Add random_access_p port type method

* doc/ref/api-io.texi (I/O Extensions): Update documentation on
  implementing port types.  Document get_natural_buffer_sizes.  Document
  the new random_access_p.
* libguile/fports.c (scm_i_fdes_to_port, fport_random_access_p):
  (scm_make_fptob): Instead of frobbing rw_random manually, implement a
  random_access_p function.
* libguile/ports.c (default_random_access_p)
  (scm_set_port_random_access_p): New functions.
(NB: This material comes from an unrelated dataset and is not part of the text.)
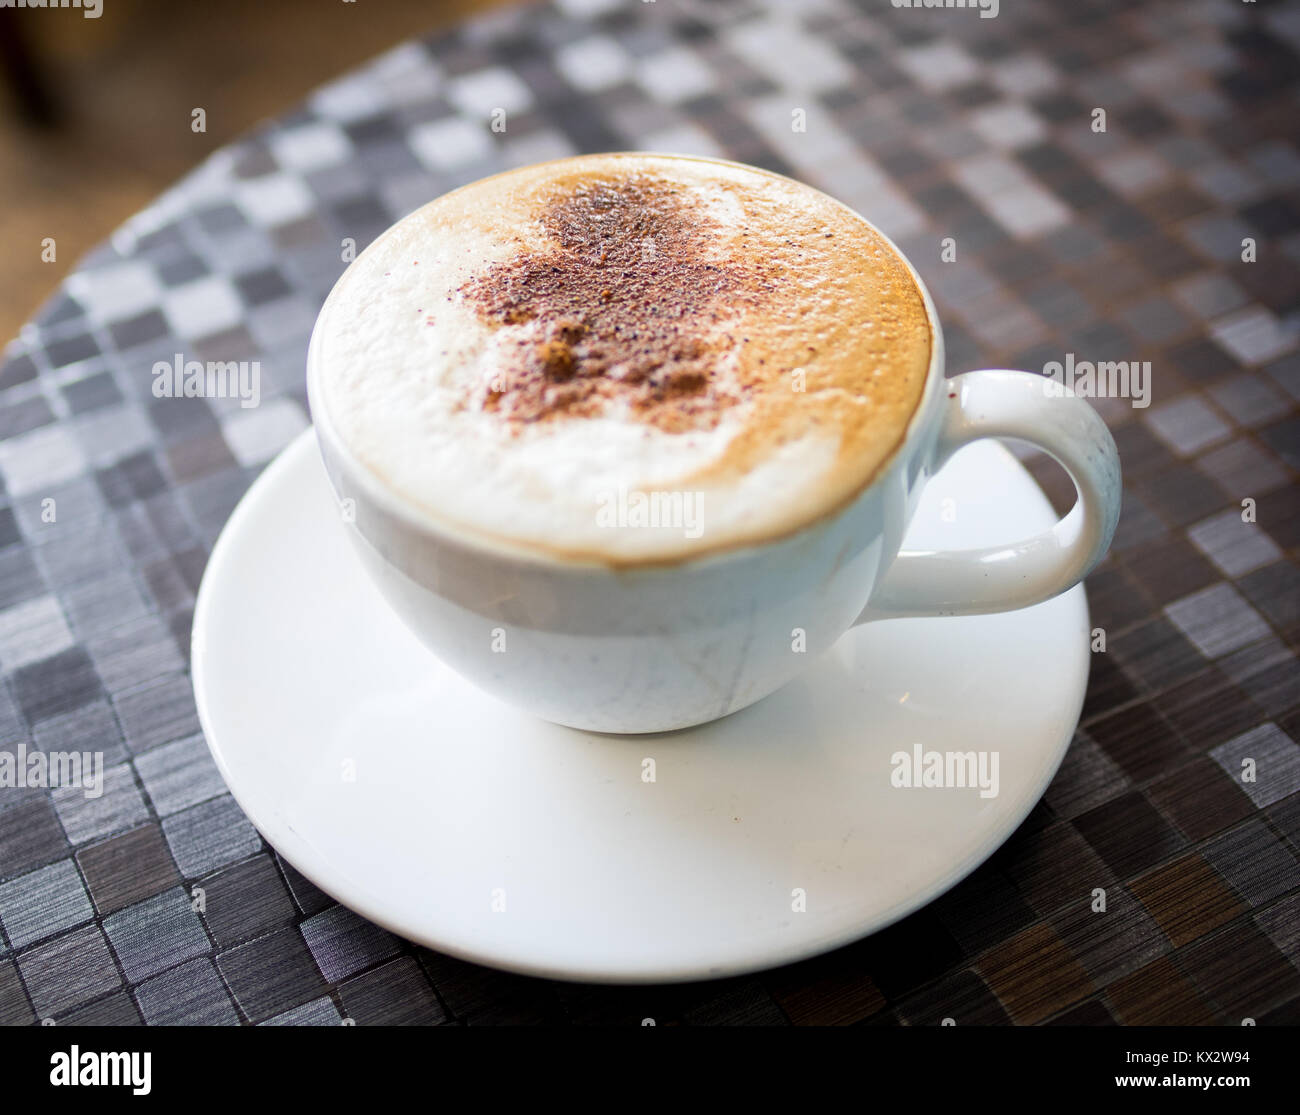 A gingerbread latte from d'Lish by Tish Cafe in Saskatoon, Saskatchewan, Canada. Stock Photo

  scm_make_port_type, scm_c_make_port_with_encoding): Arrange for
  random_access_p to work.

1 files changed, 45 insertions, 57 deletions

diff --git a/doc/ref/api-io.texi b/doc/ref/api-io.texi
index 78f7caec7..1a9c8212d 100644
--- a/doc/ref/api-io.texi
+++ b/doc/ref/api-io.texi
@@ -2263,72 +2263,20 @@ interface works internally.
 @cindex ptob
 @tindex scm_t_ptob_descriptor
 @tindex scm_t_port
-@tindex scm_t_port_buffer
 @findex SCM_PTAB_ENTRY
 @findex SCM_PTOBNUM
 @vindex scm_ptobs
-Guile's port facility consists of three main data structures.  A port
-type object (ptob) is of type @code{scm_t_ptob_descriptor}, and holds
-pointers to the methods that implement the port type.  A port instance
-is of type @code{scm_t_port}, and holds all state for the port.  Finally
-the read and write buffers are the @code{read_buf} and @code{write_buf}
-members of the port instance, and are of type @code{scm_t_port_buffer}.
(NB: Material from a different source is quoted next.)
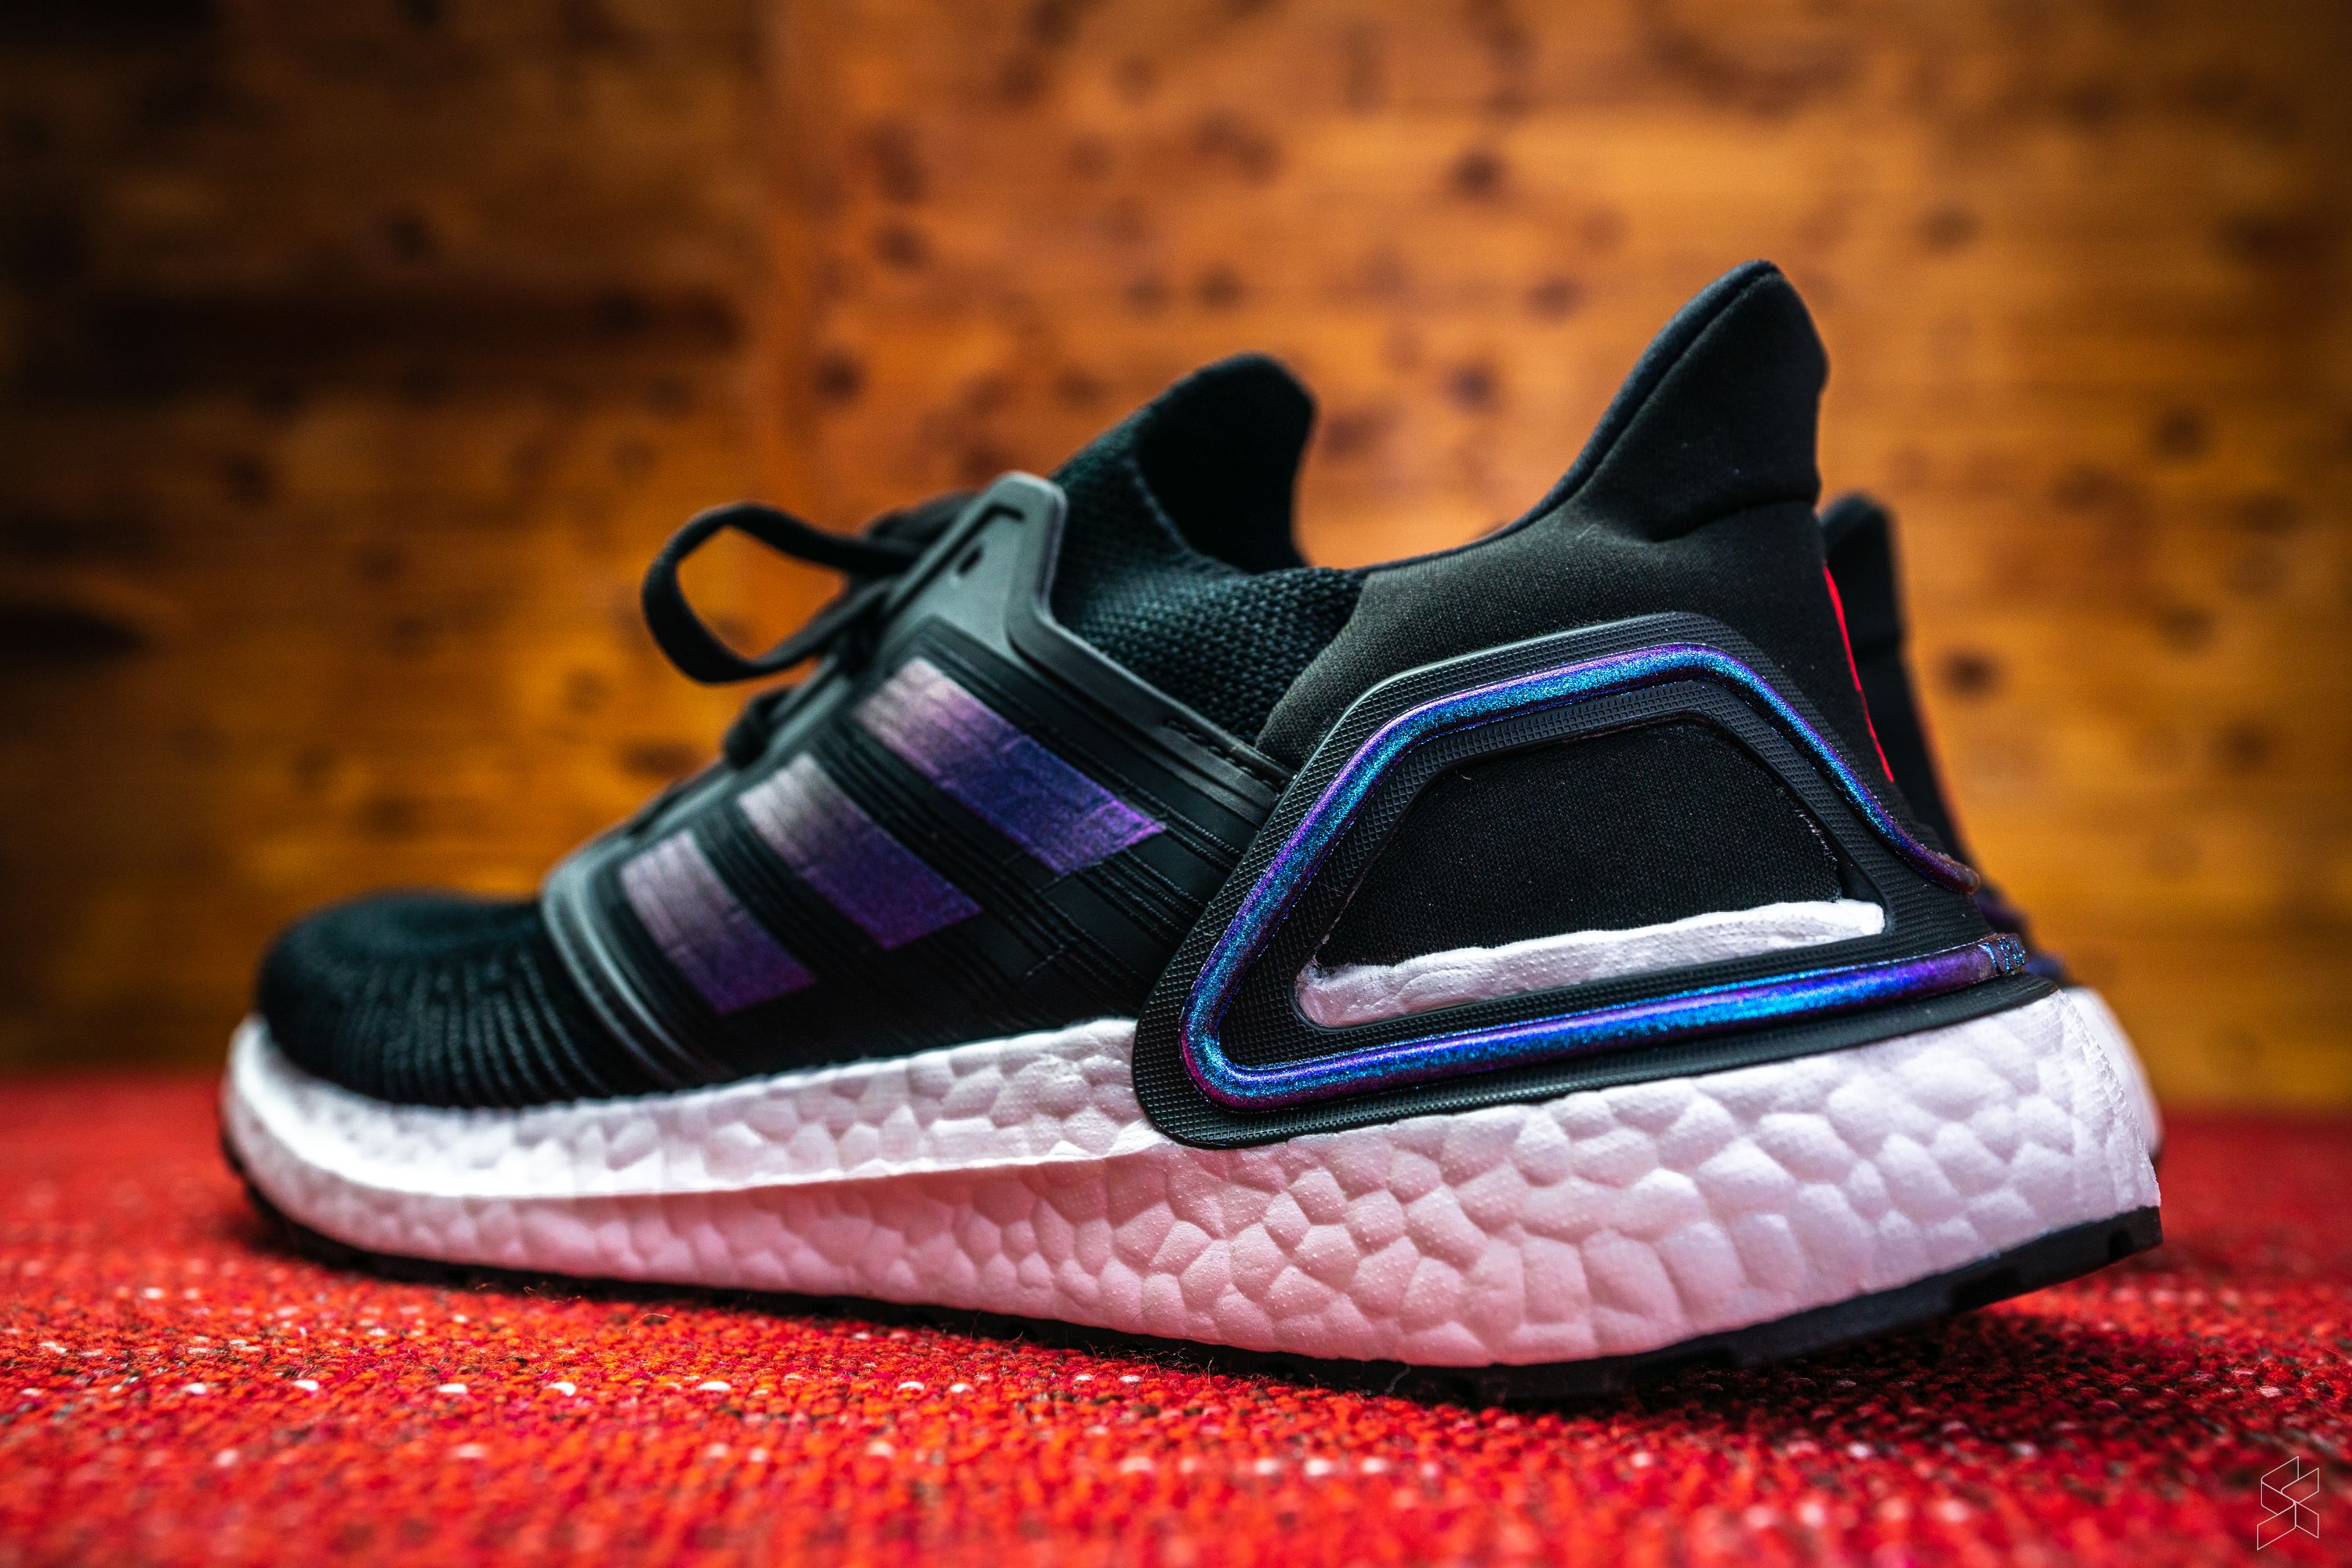 Adidas Ultraboost 20 Are good enough to help this unfit writer finish a race? - SoyaCincau

+Guile's port facility consists of two main data types: port type objects
+and port instances.  A port type object (or @dfn{ptob}) is of type
+@code{scm_t_ptob_descriptor}, and holds pointers to the methods that
+implement the port type.  A port instance is of type @code{scm_t_port},
+and holds all state for the port.
 
 Given an @code{SCM} variable which points to a port, the corresponding C
 port object can be obtained using the @code{SCM_PTAB_ENTRY} macro.  The
 ptob can be obtained by using @code{SCM_PTOBNUM} to give an index into
 the @code{scm_ptobs} global array.
 
-@subsubheading Port buffers
-
-An input port always has a read buffer and an output port always has a
-write buffer.  @xref{Buffering}.  These buffers are represented in C by
-@code{scm_t_port_buffer} objects. 
-
-The port buffer consists of data as a byte array, pointed to by its
-@code{buf} field.  The valid data in the buffer is between the
-@code{cur} and @code{end} indices into @code{buf}; @code{cur} must
-always be less than or equal to @code{end}, which in turn must be less
-than or equal to the buffer size @code{size}.  The @code{buf} pointer is
-actually a pointer to the start of a bytevector, stored in the
-@code{bytevector} member.  Using bytevectors to back port buffers allows
-Scheme to manipulate these buffers.
-
-``Valid data'' for a read buffer is data that has been buffered, but not
-yet read by the user.  A port's @code{read} procedure fills a read
-buffer from the @code{end} element.  For a write buffer, the ``valid
-data'' is data which has been written by the user, but not yet flushed
-to the mutable store.  A port's @code{write} procedure will consume the
-data between @code{cur} and @code{end} (not including @code{end}) and
-advance @code{cur}.
-
-The size of the buffers is controlled by the user, via @code{setvbuf}.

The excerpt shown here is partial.